**Provided data:**
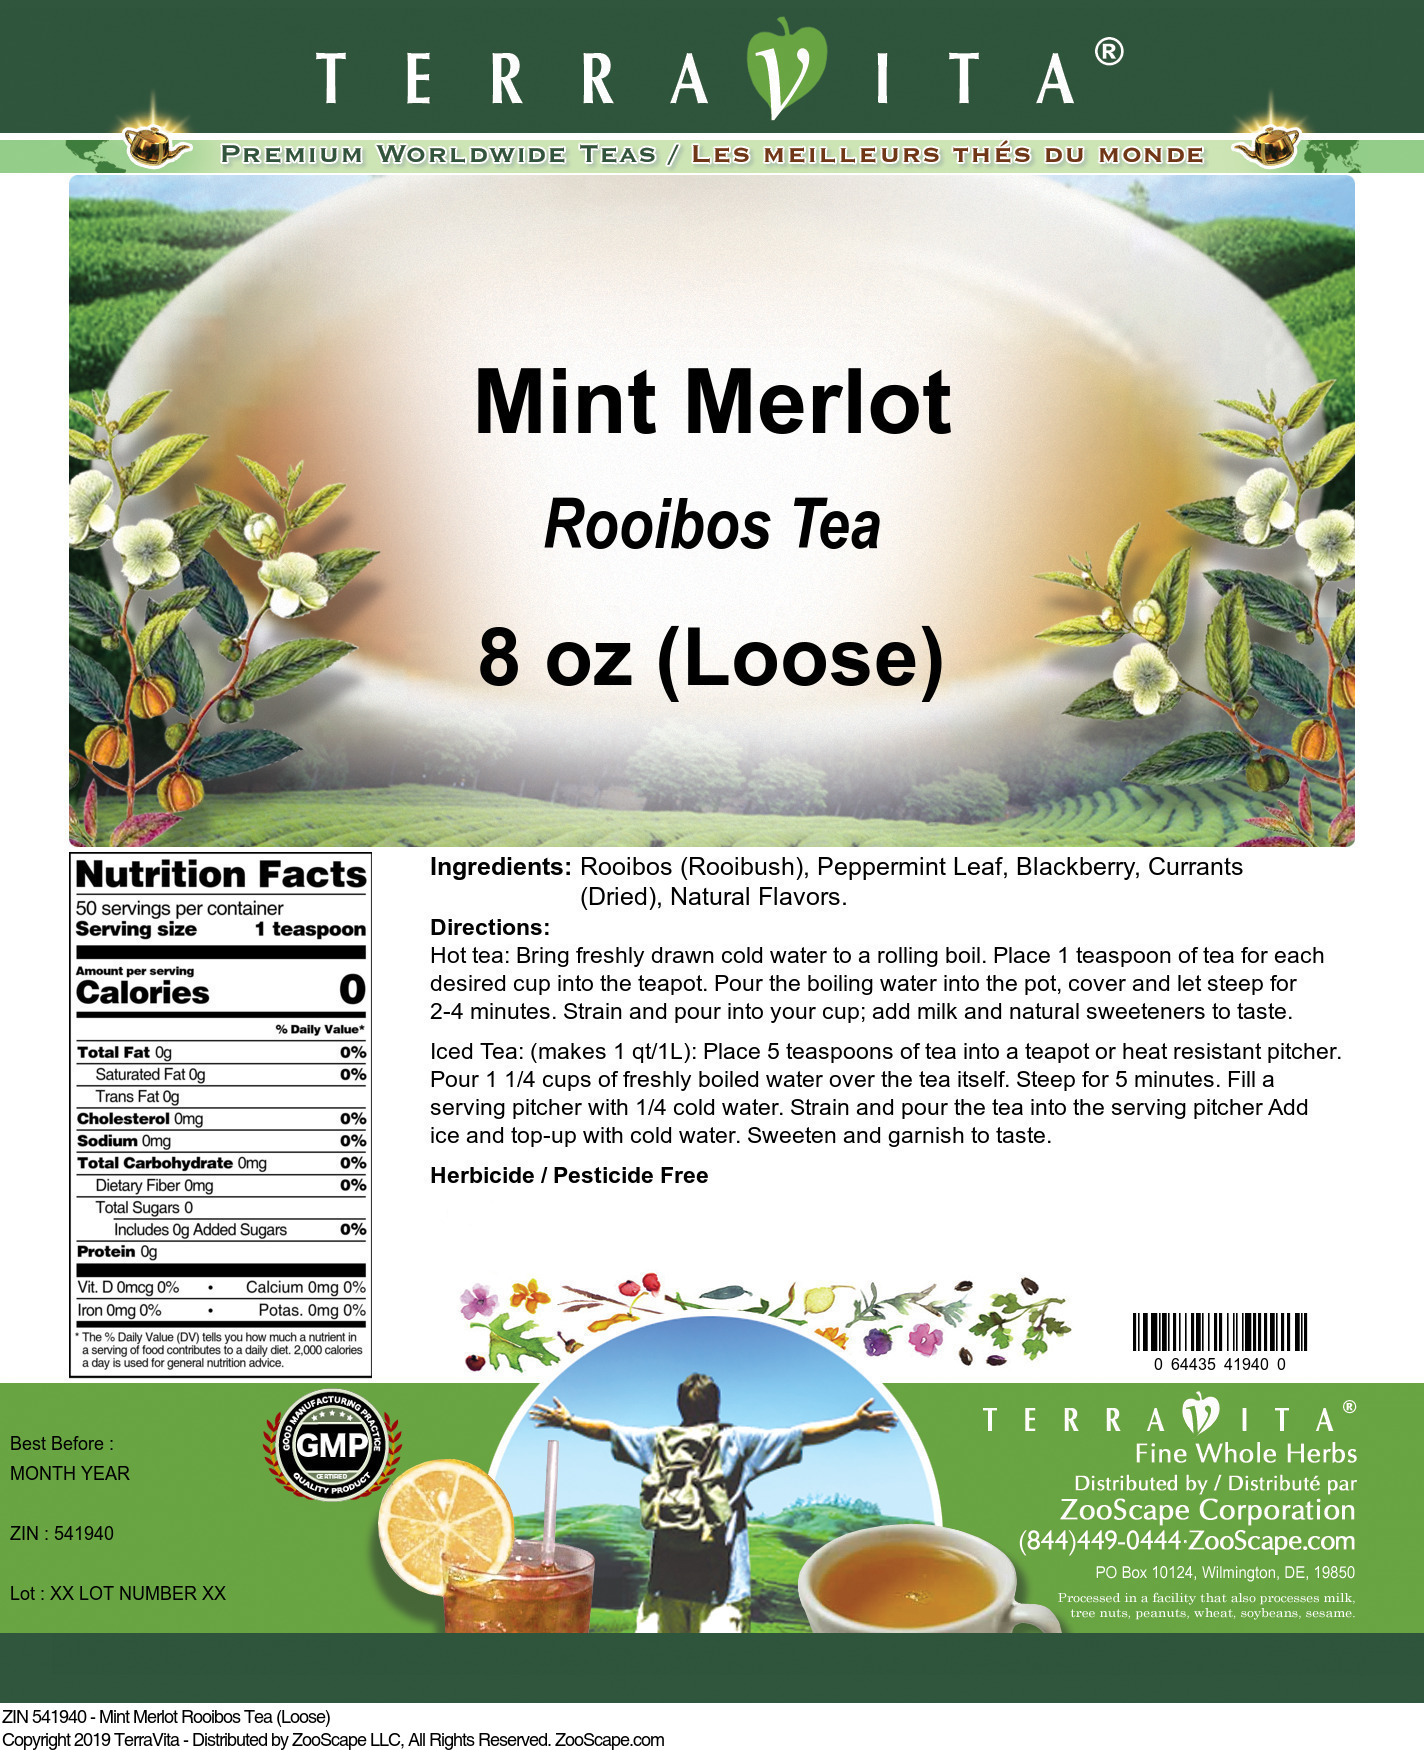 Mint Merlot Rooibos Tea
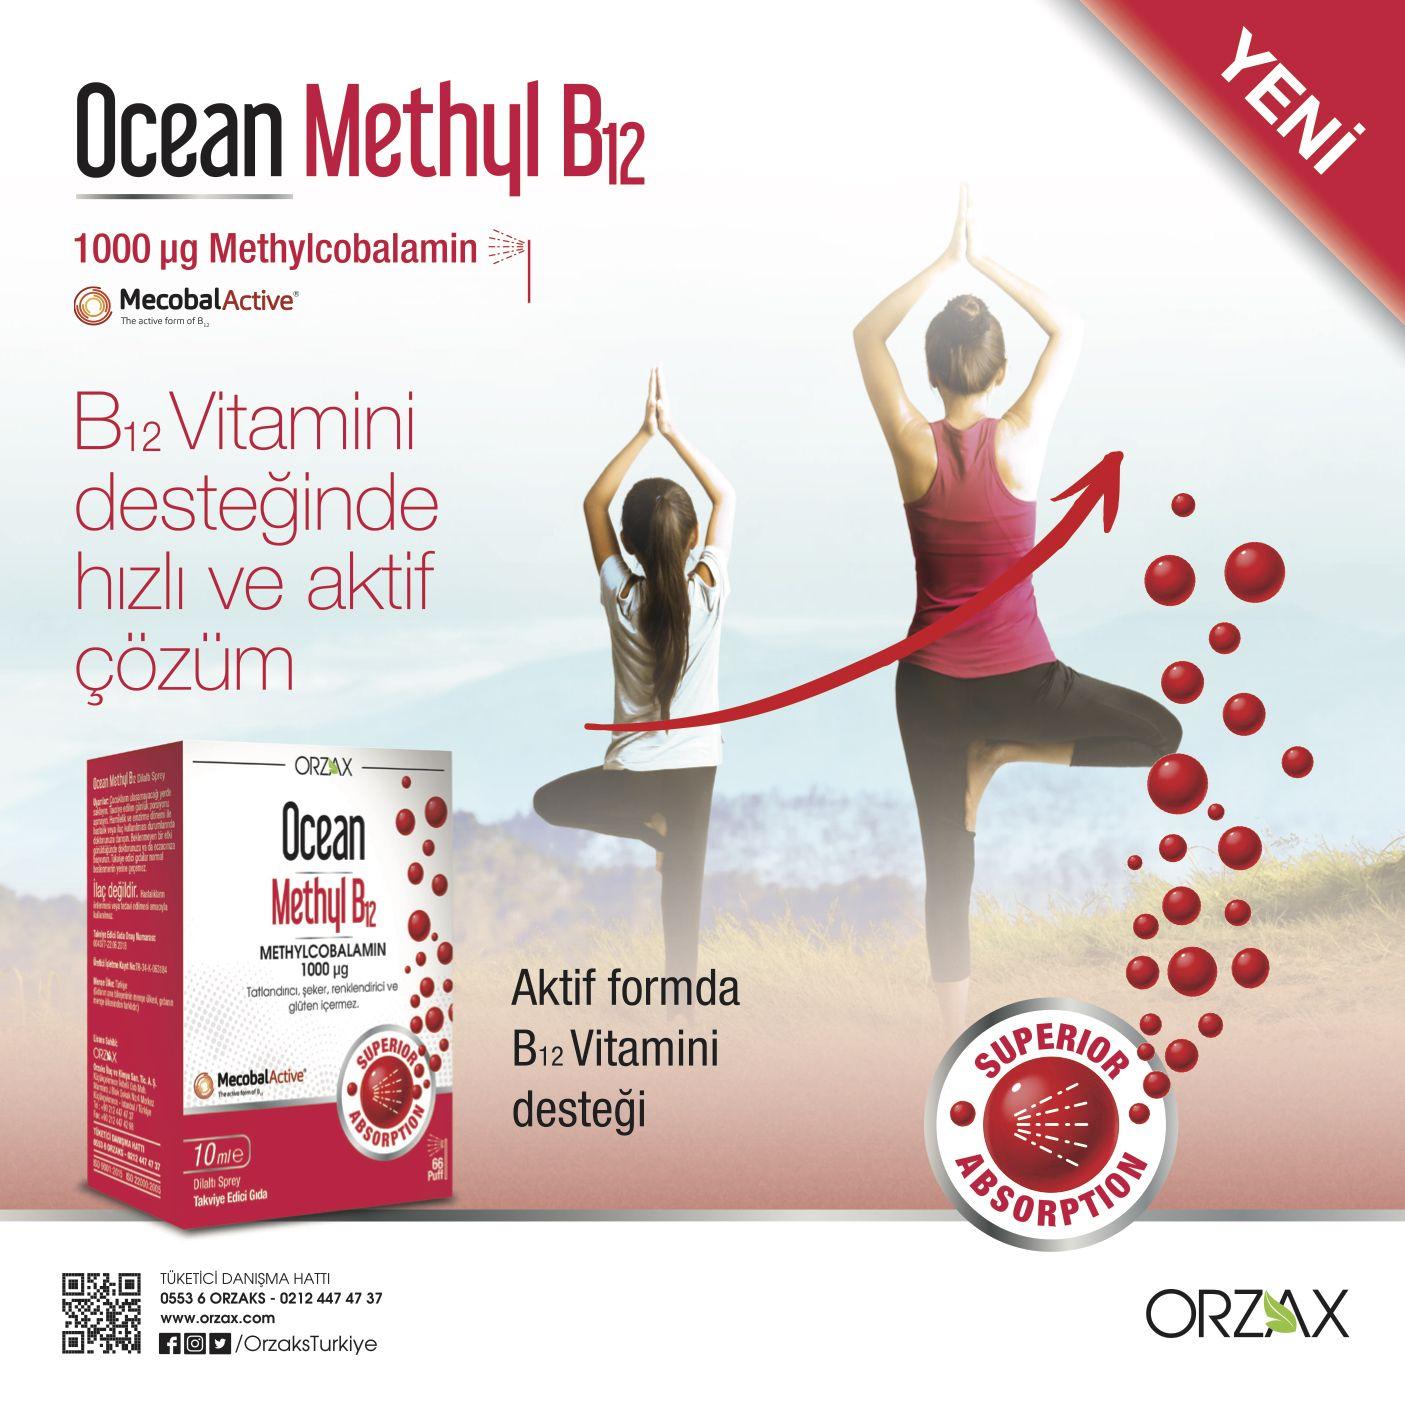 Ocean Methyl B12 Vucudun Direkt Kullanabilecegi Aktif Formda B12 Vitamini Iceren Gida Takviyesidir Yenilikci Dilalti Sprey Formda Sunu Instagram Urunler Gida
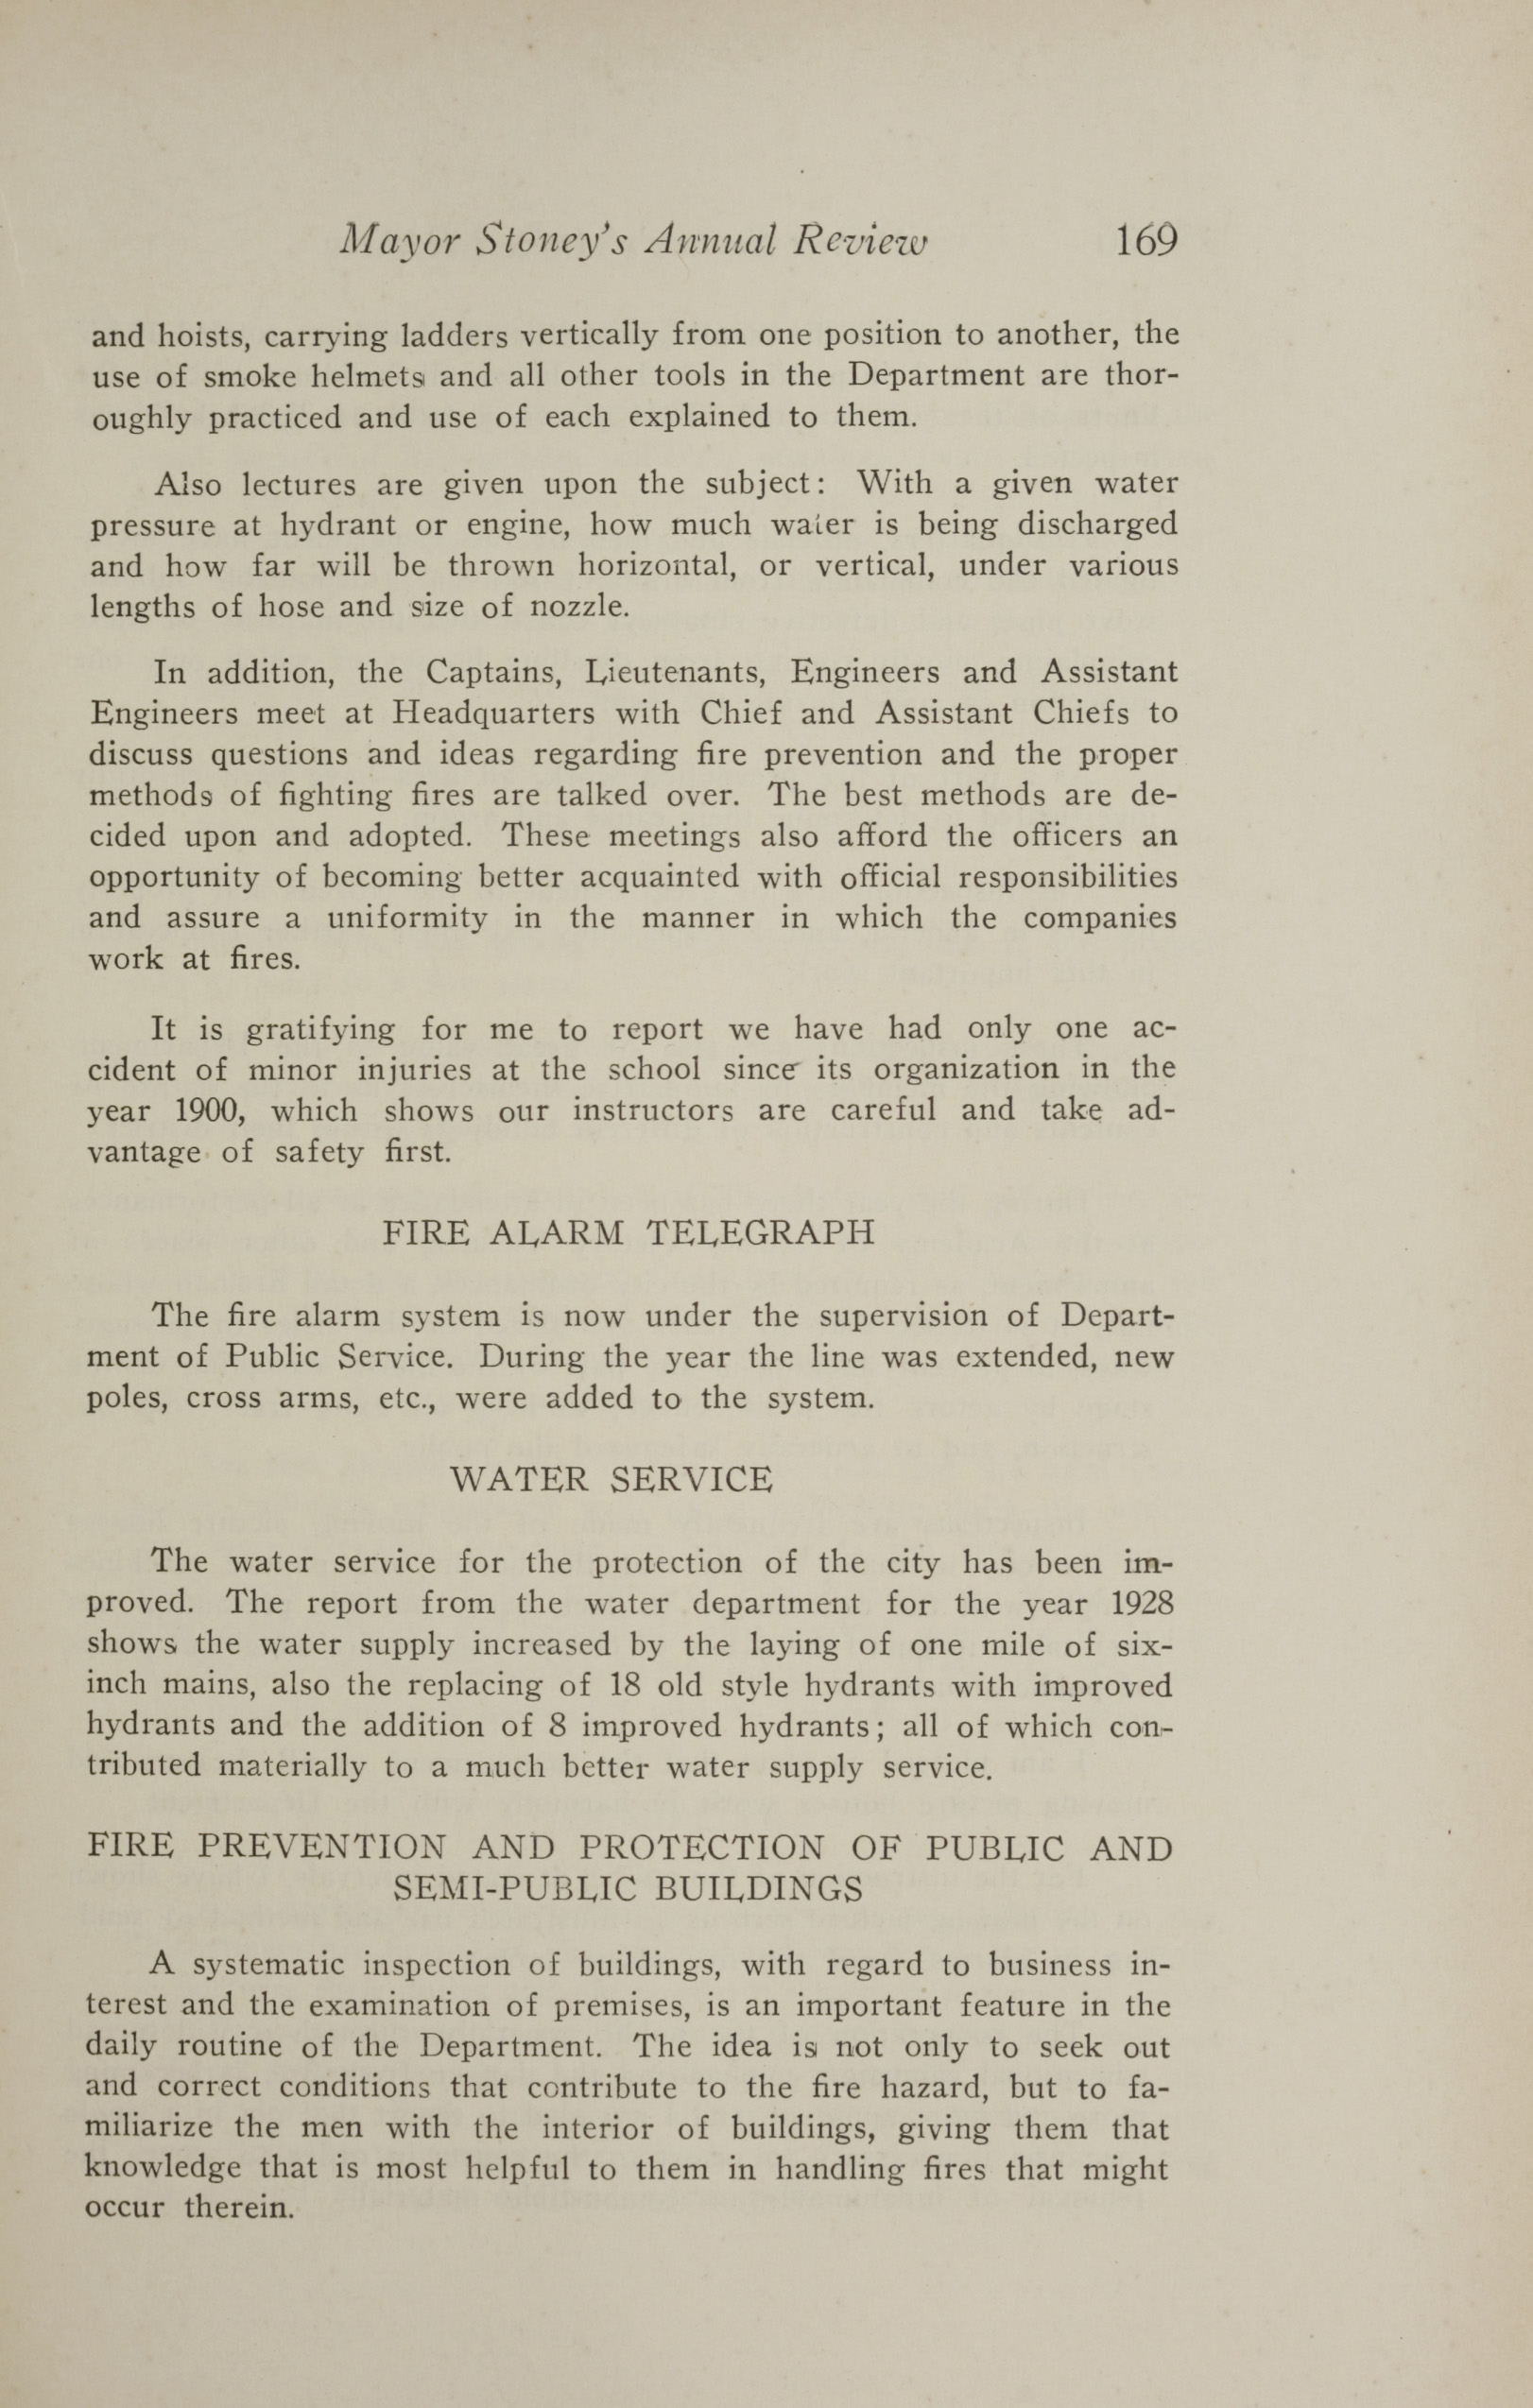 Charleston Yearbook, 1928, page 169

**Prompt:**
The whole listing above needs to be copied exactly; please keep the pictures out.

**Response area:**
 Mint Merlot Rooibos Tea
 Ocean Methyl B12 Vucudun Direkt Kullanabilecegi Aktif Formda B12 Vitamini Iceren Gida Takviyesidir Yenilikci Dilalti Sprey Formda Sunu Instagram Urunler Gida
 Charleston Yearbook, 1928, page 169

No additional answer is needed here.